__Work instruction__
What you give back should be exactly the opening lines of the data, ending with the line that contains "Total supply of" and including it.

-=-=-

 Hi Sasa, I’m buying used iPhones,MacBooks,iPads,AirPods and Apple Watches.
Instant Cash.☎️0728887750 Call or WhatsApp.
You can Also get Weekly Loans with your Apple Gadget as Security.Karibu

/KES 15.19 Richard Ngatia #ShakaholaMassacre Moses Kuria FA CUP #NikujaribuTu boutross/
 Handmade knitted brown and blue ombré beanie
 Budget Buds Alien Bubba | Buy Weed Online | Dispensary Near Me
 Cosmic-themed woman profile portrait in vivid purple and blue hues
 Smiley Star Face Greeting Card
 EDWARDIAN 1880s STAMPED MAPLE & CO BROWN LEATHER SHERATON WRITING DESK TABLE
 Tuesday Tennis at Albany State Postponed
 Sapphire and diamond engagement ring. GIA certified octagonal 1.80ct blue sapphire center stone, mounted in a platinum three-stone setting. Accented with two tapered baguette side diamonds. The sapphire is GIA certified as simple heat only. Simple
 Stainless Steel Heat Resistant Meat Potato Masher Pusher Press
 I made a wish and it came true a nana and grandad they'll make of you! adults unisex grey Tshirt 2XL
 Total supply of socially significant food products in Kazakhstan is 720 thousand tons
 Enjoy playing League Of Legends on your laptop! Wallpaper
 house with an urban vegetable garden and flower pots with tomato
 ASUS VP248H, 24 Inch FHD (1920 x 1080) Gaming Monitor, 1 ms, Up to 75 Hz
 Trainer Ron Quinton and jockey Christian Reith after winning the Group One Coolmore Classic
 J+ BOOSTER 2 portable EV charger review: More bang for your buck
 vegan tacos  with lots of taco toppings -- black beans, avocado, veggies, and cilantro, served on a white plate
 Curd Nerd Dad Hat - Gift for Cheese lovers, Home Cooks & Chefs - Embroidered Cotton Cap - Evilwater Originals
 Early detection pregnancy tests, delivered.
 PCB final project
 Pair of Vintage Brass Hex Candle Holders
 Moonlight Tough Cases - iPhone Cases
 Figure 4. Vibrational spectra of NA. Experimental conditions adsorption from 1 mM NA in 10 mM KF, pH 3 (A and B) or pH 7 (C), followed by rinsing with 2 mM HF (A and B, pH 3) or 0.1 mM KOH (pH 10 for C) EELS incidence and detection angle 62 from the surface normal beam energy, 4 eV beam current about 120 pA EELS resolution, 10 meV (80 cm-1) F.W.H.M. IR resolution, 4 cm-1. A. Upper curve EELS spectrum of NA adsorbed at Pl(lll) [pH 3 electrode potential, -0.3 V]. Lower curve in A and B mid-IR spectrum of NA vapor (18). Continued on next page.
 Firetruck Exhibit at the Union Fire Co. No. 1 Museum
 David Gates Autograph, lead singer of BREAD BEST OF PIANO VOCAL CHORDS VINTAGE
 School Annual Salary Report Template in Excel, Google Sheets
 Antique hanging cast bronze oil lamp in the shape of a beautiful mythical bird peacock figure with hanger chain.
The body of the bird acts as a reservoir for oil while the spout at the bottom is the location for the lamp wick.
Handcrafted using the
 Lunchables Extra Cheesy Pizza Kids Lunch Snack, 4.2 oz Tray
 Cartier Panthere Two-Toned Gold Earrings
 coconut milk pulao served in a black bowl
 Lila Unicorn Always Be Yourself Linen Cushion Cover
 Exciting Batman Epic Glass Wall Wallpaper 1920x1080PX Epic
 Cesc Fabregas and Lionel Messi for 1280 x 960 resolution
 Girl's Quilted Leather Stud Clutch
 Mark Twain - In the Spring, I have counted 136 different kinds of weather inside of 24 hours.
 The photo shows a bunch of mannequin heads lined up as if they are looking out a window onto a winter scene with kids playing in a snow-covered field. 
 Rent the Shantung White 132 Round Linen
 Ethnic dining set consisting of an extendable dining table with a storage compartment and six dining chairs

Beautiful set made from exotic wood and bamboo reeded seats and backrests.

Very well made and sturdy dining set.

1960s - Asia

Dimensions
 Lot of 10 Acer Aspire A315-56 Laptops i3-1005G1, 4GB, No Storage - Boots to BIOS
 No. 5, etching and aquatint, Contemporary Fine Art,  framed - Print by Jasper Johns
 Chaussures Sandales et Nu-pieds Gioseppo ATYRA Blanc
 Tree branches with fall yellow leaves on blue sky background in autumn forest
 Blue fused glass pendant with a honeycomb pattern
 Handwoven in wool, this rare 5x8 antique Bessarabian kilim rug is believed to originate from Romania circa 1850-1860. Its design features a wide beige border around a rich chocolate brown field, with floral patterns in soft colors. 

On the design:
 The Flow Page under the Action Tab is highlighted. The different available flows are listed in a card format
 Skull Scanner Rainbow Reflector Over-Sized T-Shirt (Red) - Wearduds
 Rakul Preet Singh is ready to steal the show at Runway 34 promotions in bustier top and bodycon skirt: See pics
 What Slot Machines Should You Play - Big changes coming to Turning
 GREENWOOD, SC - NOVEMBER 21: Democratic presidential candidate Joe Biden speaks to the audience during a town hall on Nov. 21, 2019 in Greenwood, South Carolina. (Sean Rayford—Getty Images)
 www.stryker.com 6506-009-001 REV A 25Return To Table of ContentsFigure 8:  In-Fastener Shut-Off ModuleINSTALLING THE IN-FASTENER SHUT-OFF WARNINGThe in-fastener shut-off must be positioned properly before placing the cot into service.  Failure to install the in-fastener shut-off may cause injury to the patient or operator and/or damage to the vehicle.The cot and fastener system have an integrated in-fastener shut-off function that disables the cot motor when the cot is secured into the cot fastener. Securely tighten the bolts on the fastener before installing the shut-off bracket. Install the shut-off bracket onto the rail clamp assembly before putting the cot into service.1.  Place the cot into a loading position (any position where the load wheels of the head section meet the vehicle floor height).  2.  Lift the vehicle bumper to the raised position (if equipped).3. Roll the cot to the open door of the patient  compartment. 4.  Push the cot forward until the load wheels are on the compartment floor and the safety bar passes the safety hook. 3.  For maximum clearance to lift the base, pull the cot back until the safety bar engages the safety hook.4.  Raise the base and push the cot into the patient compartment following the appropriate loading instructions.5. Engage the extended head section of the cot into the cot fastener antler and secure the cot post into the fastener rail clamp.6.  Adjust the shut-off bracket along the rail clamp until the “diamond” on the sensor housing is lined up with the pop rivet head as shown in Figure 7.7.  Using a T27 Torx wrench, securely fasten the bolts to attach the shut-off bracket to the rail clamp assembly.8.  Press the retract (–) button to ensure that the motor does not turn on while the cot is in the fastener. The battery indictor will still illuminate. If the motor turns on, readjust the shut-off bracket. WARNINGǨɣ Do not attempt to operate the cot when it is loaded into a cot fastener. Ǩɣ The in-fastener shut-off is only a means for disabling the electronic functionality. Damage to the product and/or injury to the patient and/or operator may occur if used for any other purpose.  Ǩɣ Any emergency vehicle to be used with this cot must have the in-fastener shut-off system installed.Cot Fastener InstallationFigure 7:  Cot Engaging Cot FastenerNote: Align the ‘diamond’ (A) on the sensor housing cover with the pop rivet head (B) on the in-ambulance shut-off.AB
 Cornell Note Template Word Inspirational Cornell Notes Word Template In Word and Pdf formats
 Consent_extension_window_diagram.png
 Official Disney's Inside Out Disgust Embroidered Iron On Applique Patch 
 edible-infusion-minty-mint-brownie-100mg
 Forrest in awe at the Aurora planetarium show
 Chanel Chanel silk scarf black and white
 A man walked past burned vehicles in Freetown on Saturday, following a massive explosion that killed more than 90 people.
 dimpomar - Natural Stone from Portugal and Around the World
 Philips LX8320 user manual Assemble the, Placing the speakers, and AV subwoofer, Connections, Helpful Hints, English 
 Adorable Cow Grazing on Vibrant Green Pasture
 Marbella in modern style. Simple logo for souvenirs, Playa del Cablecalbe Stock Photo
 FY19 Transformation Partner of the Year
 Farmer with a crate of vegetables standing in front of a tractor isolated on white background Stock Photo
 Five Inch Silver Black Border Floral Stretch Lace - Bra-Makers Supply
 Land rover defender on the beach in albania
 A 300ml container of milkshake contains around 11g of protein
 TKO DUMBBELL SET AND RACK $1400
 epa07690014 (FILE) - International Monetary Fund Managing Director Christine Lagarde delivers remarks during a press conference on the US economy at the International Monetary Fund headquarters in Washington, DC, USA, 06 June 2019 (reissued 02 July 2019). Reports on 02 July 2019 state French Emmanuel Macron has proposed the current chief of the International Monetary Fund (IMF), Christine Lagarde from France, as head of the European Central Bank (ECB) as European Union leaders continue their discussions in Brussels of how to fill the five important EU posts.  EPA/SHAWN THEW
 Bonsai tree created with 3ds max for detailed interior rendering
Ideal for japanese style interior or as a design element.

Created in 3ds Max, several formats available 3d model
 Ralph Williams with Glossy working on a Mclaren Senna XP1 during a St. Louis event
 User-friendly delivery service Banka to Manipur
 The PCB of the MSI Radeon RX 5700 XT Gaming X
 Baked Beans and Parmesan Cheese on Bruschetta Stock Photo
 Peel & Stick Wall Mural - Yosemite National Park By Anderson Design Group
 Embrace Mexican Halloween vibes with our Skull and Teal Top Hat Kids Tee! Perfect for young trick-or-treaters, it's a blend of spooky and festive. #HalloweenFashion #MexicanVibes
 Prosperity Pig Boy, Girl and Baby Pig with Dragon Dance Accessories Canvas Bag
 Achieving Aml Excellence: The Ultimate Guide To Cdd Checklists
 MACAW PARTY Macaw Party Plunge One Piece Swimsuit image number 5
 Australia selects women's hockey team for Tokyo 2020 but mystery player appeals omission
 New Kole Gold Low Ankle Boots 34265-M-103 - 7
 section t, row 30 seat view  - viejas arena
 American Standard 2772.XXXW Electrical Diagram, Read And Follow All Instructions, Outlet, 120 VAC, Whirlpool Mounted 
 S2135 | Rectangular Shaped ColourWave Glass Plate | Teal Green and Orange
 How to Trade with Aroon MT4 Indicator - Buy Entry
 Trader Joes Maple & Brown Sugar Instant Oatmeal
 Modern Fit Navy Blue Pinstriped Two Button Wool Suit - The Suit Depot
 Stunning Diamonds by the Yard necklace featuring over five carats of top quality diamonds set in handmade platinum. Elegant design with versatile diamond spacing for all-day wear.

-=-=-

__Exercise result__
 Hi Sasa, I’m buying used iPhones,MacBooks,iPads,AirPods and Apple Watches.
Instant Cash.☎️0728887750 Call or WhatsApp.
You can Also get Weekly Loans with your Apple Gadget as Security.Karibu

/KES 15.19 Richard Ngatia #ShakaholaMassacre Moses Kuria FA CUP #NikujaribuTu boutross/
 Handmade knitted brown and blue ombré beanie
 Budget Buds Alien Bubba | Buy Weed Online | Dispensary Near Me
 Cosmic-themed woman profile portrait in vivid purple and blue hues
 Smiley Star Face Greeting Card
 EDWARDIAN 1880s STAMPED MAPLE & CO BROWN LEATHER SHERATON WRITING DESK TABLE
 Tuesday Tennis at Albany State Postponed
 Sapphire and diamond engagement ring. GIA certified octagonal 1.80ct blue sapphire center stone, mounted in a platinum three-stone setting. Accented with two tapered baguette side diamonds. The sapphire is GIA certified as simple heat only. Simple
 Stainless Steel Heat Resistant Meat Potato Masher Pusher Press
 I made a wish and it came true a nana and grandad they'll make of you! adults unisex grey Tshirt 2XL
 Total supply of socially significant food products in Kazakhstan is 720 thousand tons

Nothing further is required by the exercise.